The adsorption isotherms were plotted from the experimental data obtained from the batch adsorption experiments at 25° C for His-GMA and GMA adsorbents (Figure 1). The results showed deviation from the Langmuir form for both adsorbents. For both adsorbents a plateau followed by a second stage of protein adsorption at an equilibrium concentration higher than 7 mg/mL was observed, suggesting a BET type II isotherm (Adamson, 1990).

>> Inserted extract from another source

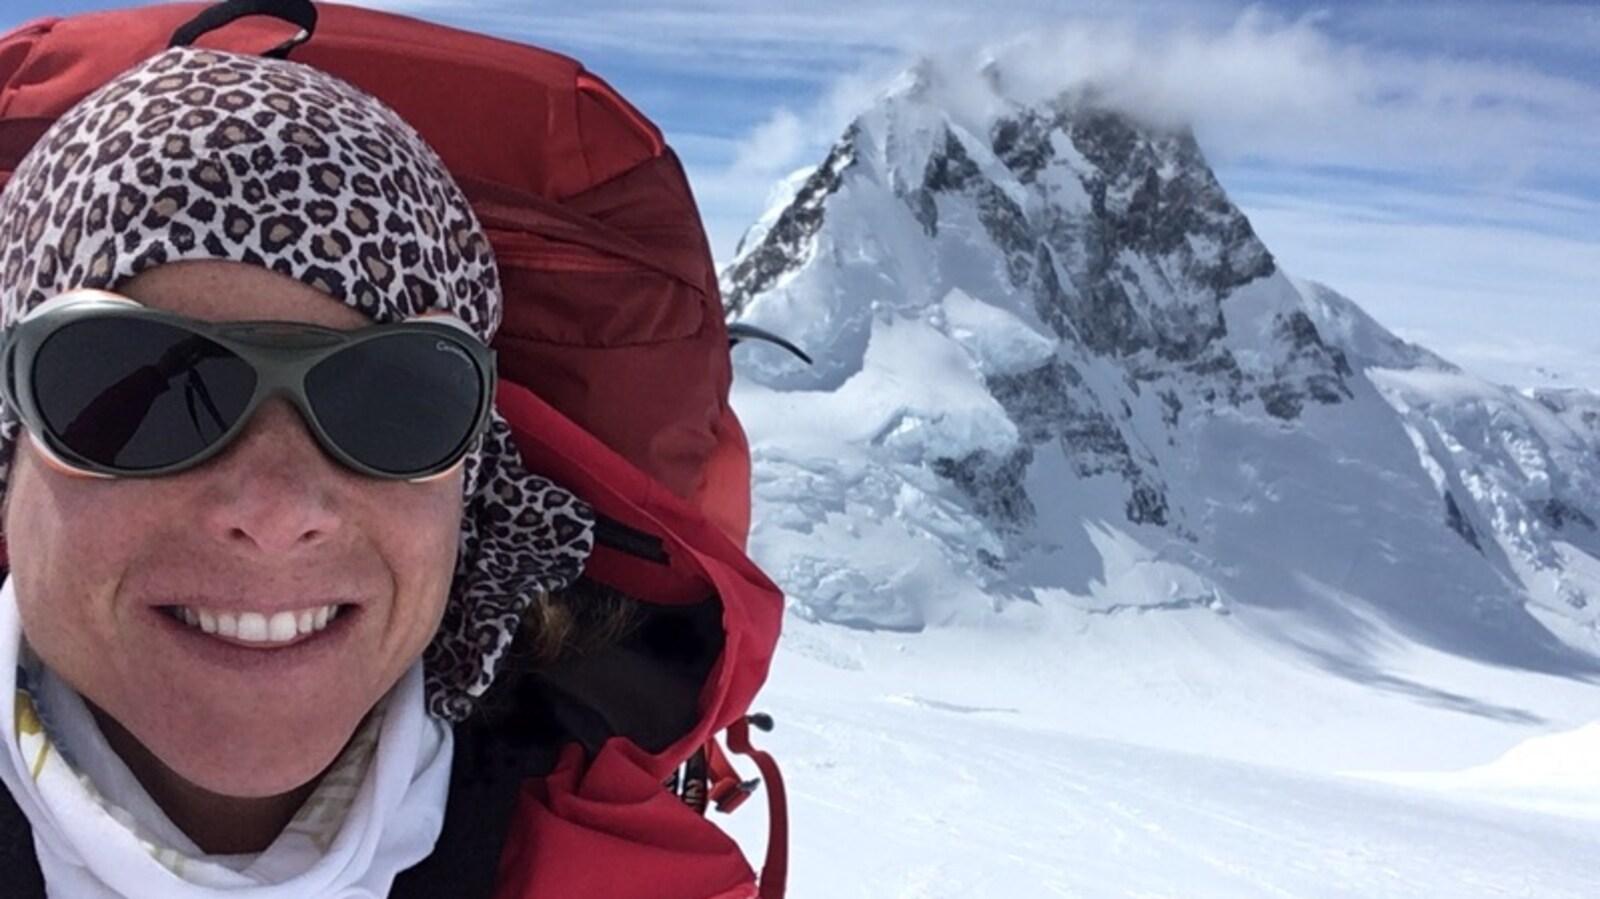 L'alpiniste Monique Richard dans les montagnes enneigées durant l'ascension du mont Logan au Yukon

When the equilibrium IgG concentration was in the range of 4 to 8 mg/mL, the capacity for His-GMA was about 60% lower (despite its high ligand density, 44 m mol/mL) than the capacity obtained for GMA. The GMA polymer is rich in hydroxyl groups and ether bonds. The surface environment formed by this type of polymer network is only mildly hydrophilic and may even display some hydrophobic characteristics under certain conditions (Hermanson et al., 1992). Therefore, the IgG retention could be explained by assuming that, for GMA, the IgG molecules are adsorbed by nonspecific hydrophobic interactions. This is in contrast to the results obtained for adsorption of IgG from human and other sources onto histidine immobilized on several supports, such as gel beads (agarose) and membranes (flat and hollow fiber), where nonspecific interactions were not detected or were not significant (the IgG adsorbed onto PEVA hollow fiber membranes was equivalent to 12% of the total adsorbed protein on PEVA hollow fiber-linked histidine) (Bueno et al., 1995; El-Kak and Vijayalakshmi, 1991; Mandjiny and Vijayalakshmi, 1993; Müller-Schulte et al., 1991). Despite the fact that in pseudobioaffinity chromatography using histidine-linked matrix the adsorption mechanism between ligand and proteins is based on multiple interactions such as electrostatic, hydrophobic, charge transfer and possibly a nucleophilic attack due to the imidazole ring of histidine (Vijayalakshmi, 1989), some specificity is possible. For example, the interaction of human IgG with histidine immobilized on PEVA hollow fiber membranes by an ether linkage (the same coupling mode as that used in this work) was studied by Haupt and colleagues, who found that this IgG adsorbed onto this pseudobioaffinity support via their Fab part (Haupt et al., 1995).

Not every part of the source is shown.